"It is not a right of veto for the local community."
The legal debate over coal seam gas ownership and access has seen farmers, environmentalists and radio shock jocks unite across the country, fighting what they see as their common enemy: the oil and gas resources sector.
What has particularly split communities, so to speak, has been concern regarding the practice of hydraulic fracturing – or ‘fracking’ – where rocks and coal seams are broken apart to release gas trapped inside.
One of the most contentious legal questions is this: what happens if landowners don’t want the mining companies to come onto their land to drill for gas?
This was the basis of the ‘Lock the Gate’ campaign – the farmers didn’t wait for the lawyers.
However, while farmers might want to say no, the law may not be on their side. The resources underneath their land belong to the state; the state licences the right to explore and extract those resources; a properly qualified mining company that meets the requirements will be granted a license; that company is then authorised to conduct mining activities which will either explicitly or implicitly include rights to access the resource.
That view is based solely on the division of ownership rights between the land and the underlying resource, outlines Deakin Law School Professor Samantha Hepburn, an expert on mining, energy and environmental law.
Professor Hepburn also says that a particular source of friction for landowners is that unlike, say, an open-cut coal mine – where the mining company will purchase the land – unconventional gas reservoirs extend below private land but the mining company does not need to purchase all of the land to drill into the reservoir. Access to the resource is sufficient.
The reason for this is because the drilling process is quite contained – a few bore holes in the right spots, rather than removing large amounts of topsoil – although desite this, the ramifications of these operations for surface owner activities can be quite significant.
Common law not the answer
The statutory resource titles held by mining and petroleum companies are different to the common law rights that govern land ownership. The law relating to land estates has been established by court cases and other accepted practices, going back centuries in some instances.

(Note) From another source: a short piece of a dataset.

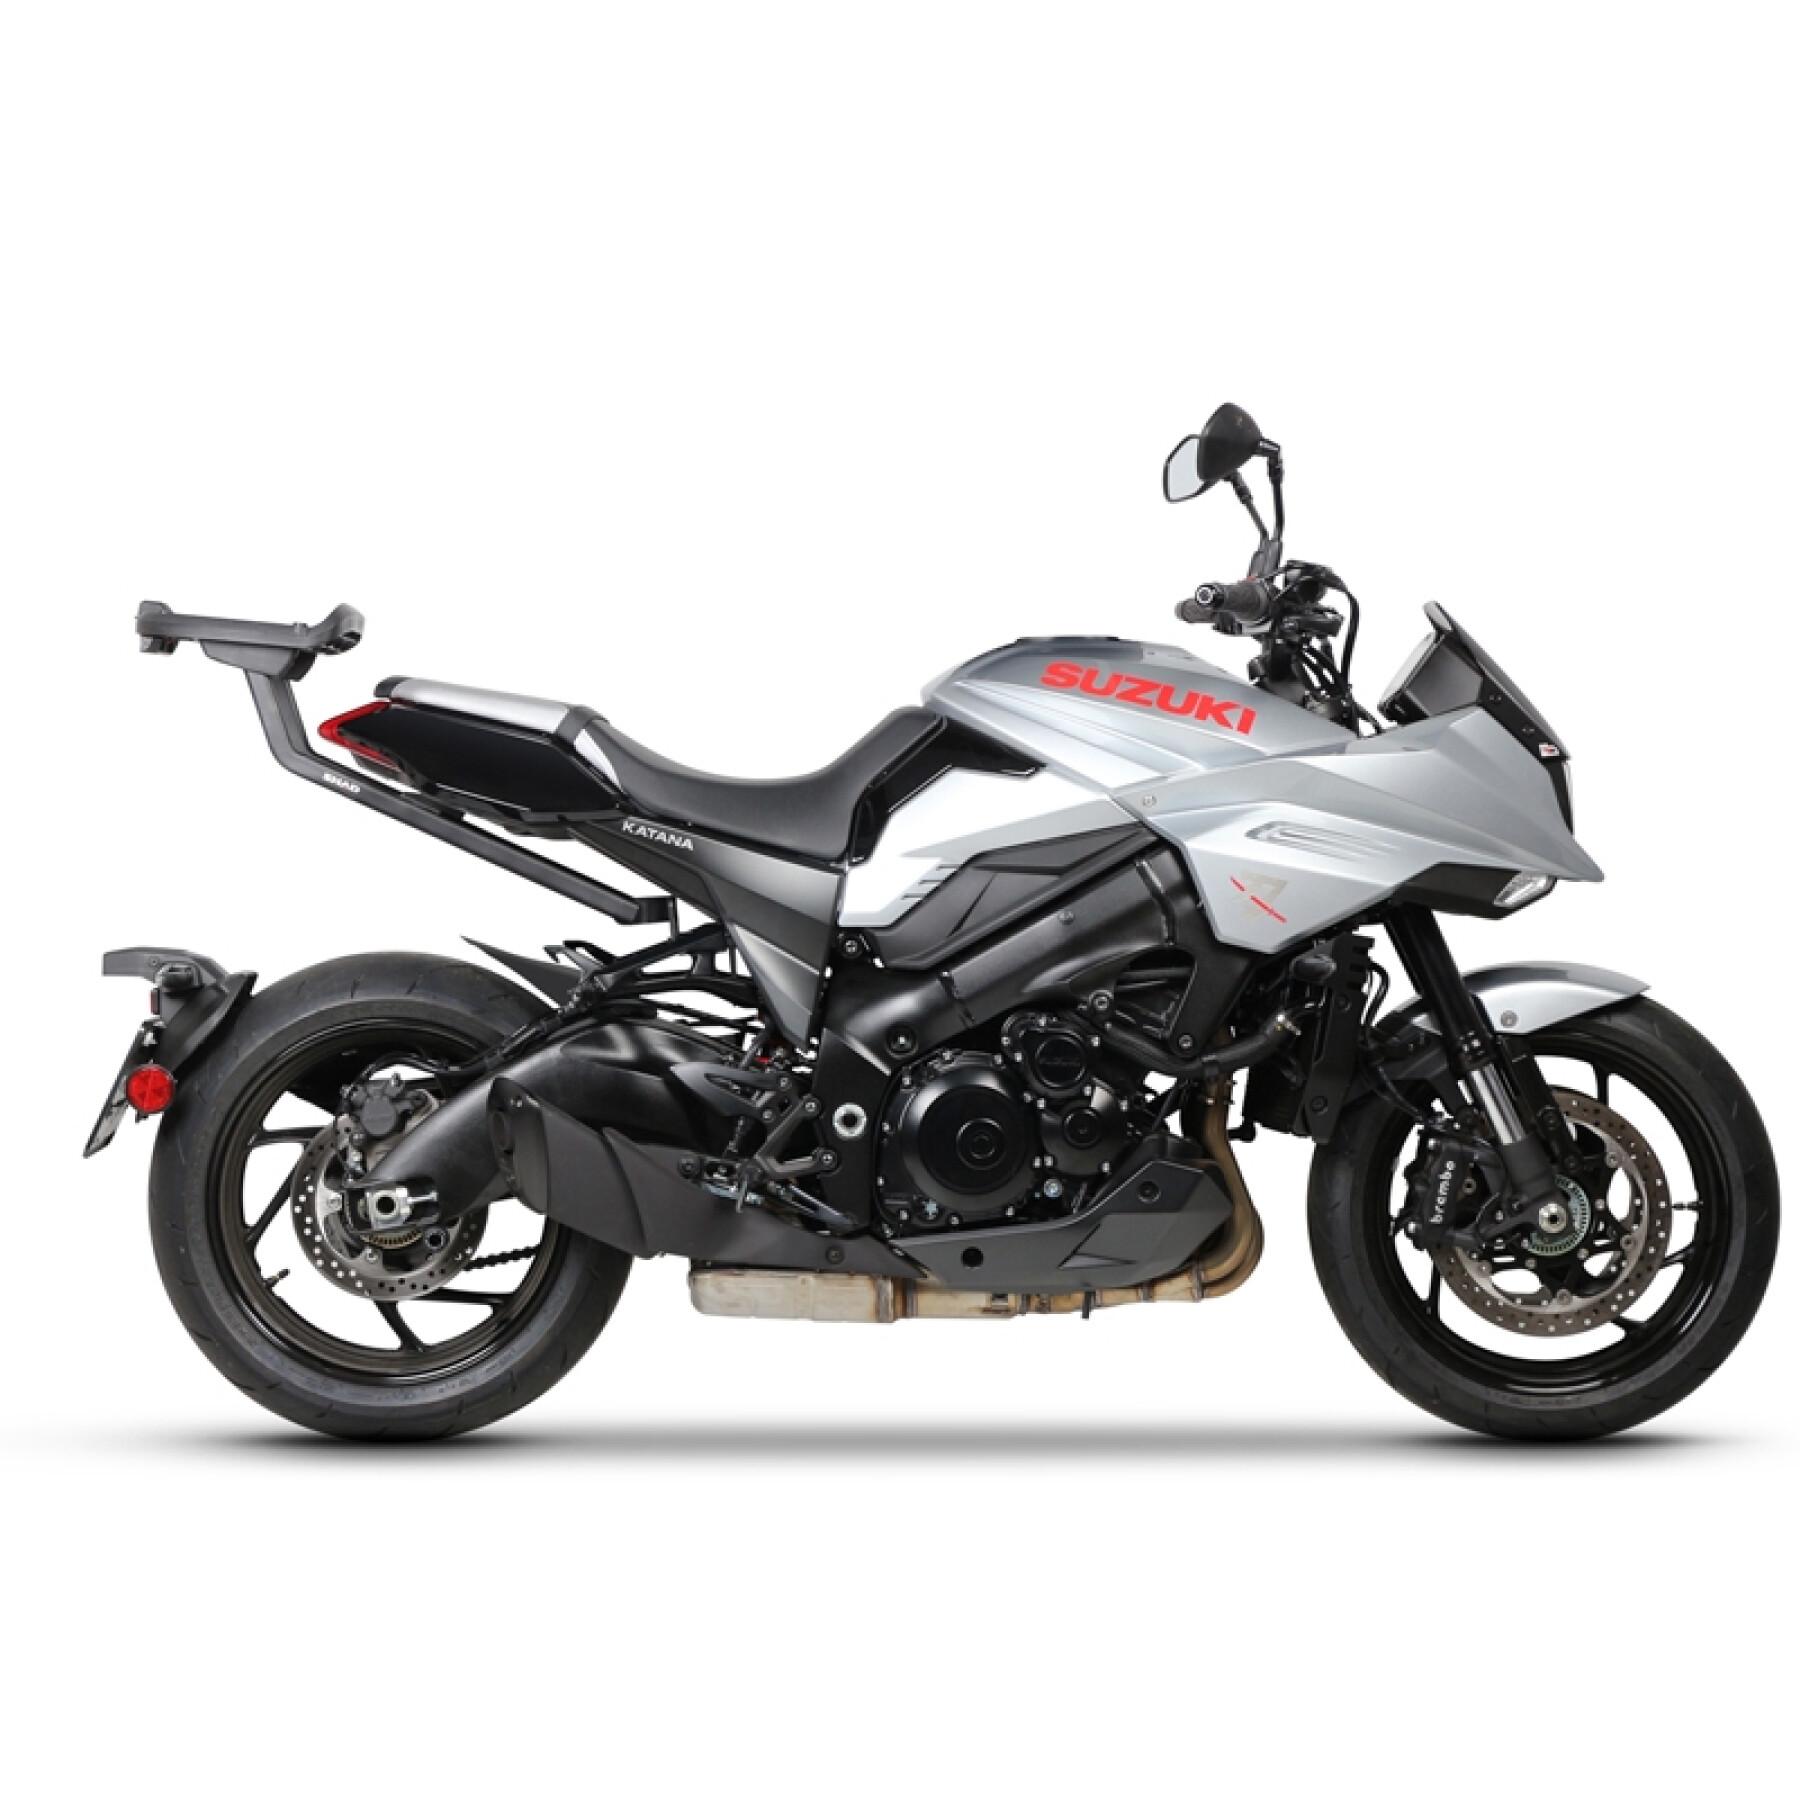 Motorcycle top case support Shad Suzuki Katana 1000 2018-2021

The statutory rights of resource title holders often do not work effectively with the common law estates of land owners. Hence, to avoid a perception that landowners’ rights are being given away through back-room deals, governments are encouraging mining companies to gain community acceptance through consultation and broader social licencing protocols.
‘Among the states, Queensland has a better developed process, with a conduct and compensation agreement that requires negotiation for access with landholders by the mining company; and the landholder is compensated for any damage to the land,’ says Prof Hepburn.

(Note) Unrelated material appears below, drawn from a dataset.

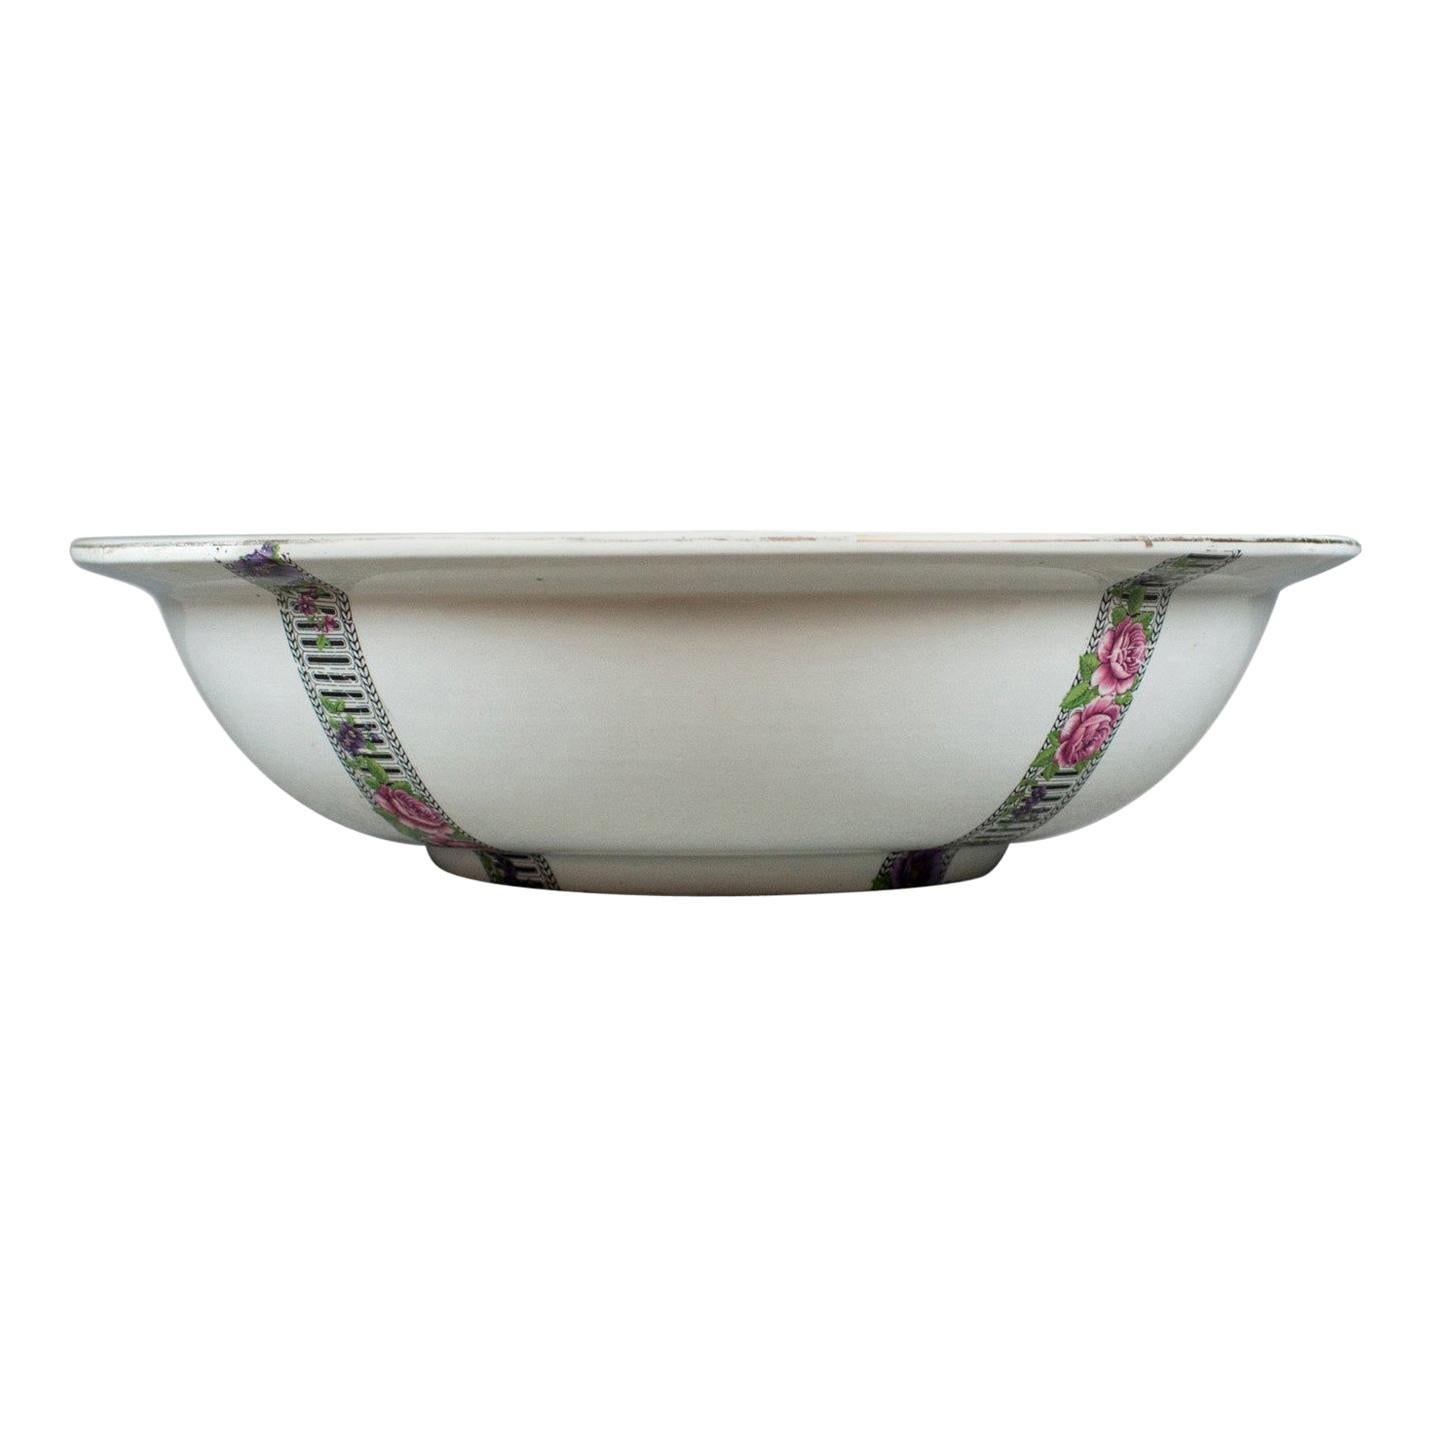 Large Vintage Fruit Bowl, Ceramic Basin, White, Decorative, Floral Bands

These rights are for the landowner's protection, but do not give anyone an automatic right to veto exploration and mining – despite the easy appeal of a campaign slogan like ‘Lock the Gate.’
‘The important thing to remember with consultation is that it's an information exchange; it is not a right of veto for the local community,’ says Prof Hepburn.

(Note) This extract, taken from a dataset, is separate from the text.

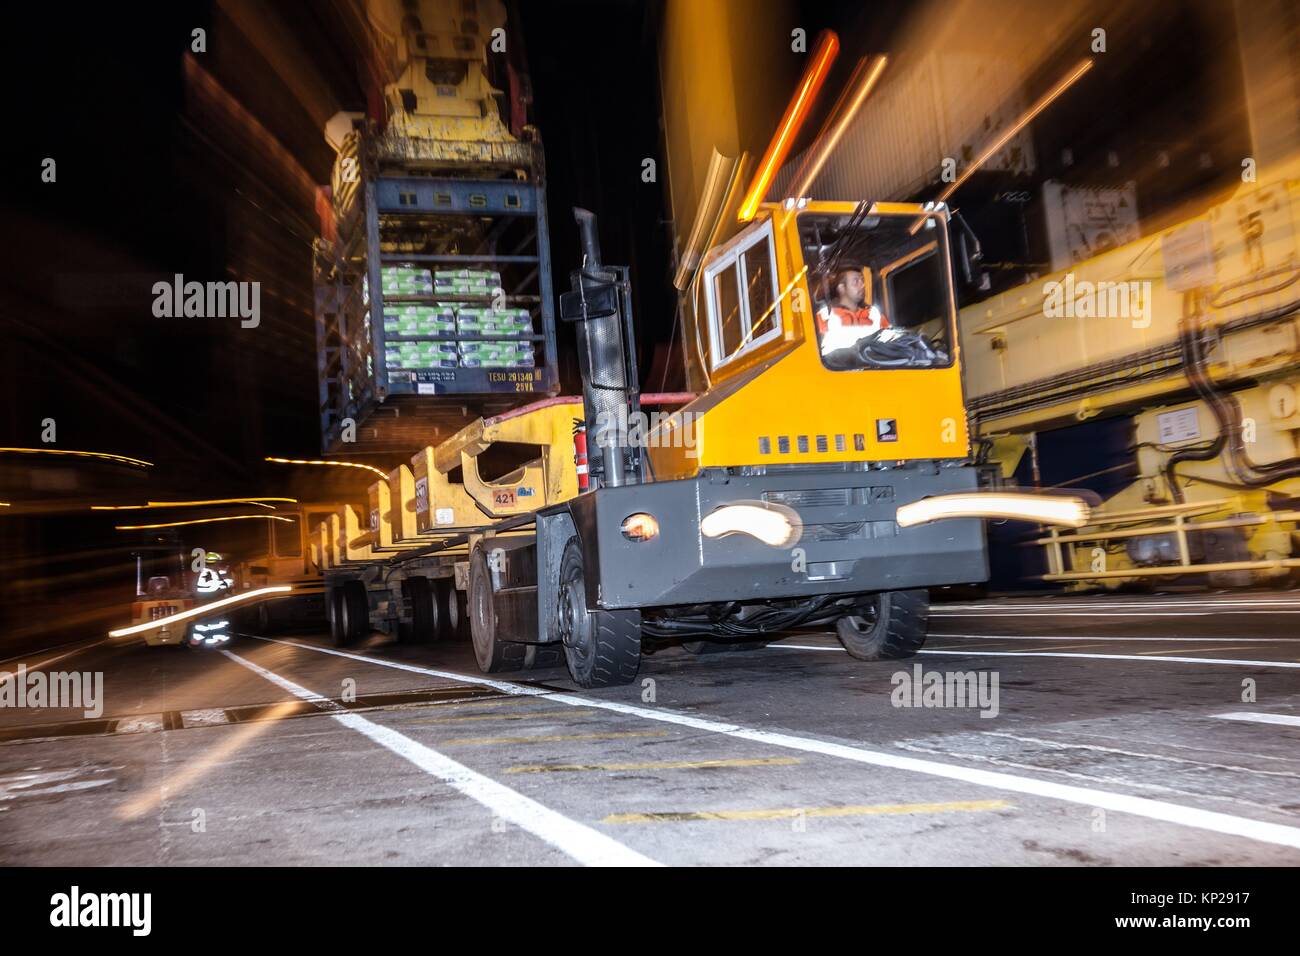 Camión de carga amarillo fijo está cargado con un contenedor azul de mercancías en Santa Cruz de Tenerife muelle en la noche Foto de stock

She recommends the Metgasco decision in New South Wales as a case study on what can happen if no attempt is made to win over the local community.
Following rules is no excuse
Energy miner Metgasco did what was required of it under the legislation that was in place at the time – which amounted to nothing more than taking steps to inform affected landowners.
‘We know from the Metgasco decision in New South Wales that the courts are going to be fairly strict in terms of what ‘consultation’ means.’
The strict legalistic approach taken by Metgasco, however, generated enormous bad will –local protests led the NSW government to decide Metgasco had not complied with their community engagement requirements and therefore were in breach of their environmental management conditions and suspended the licence.
Metgasco went back to the courts, and the suspension was set aside. ‘Ultimately the court concluded that the authorised rights of the resource title holder should be upheld and that Metgasco had not infringed any community consultation obligations because the legal requirements imposed on it did not require broader stakeholder consultation,’ says Prof Hepburn.
And the case is not over yet: As a footnote, the NSW government had entered into negotiations to compensate Metgasco, but by early September 2015 these had broken down, and it seems it’s back to court again.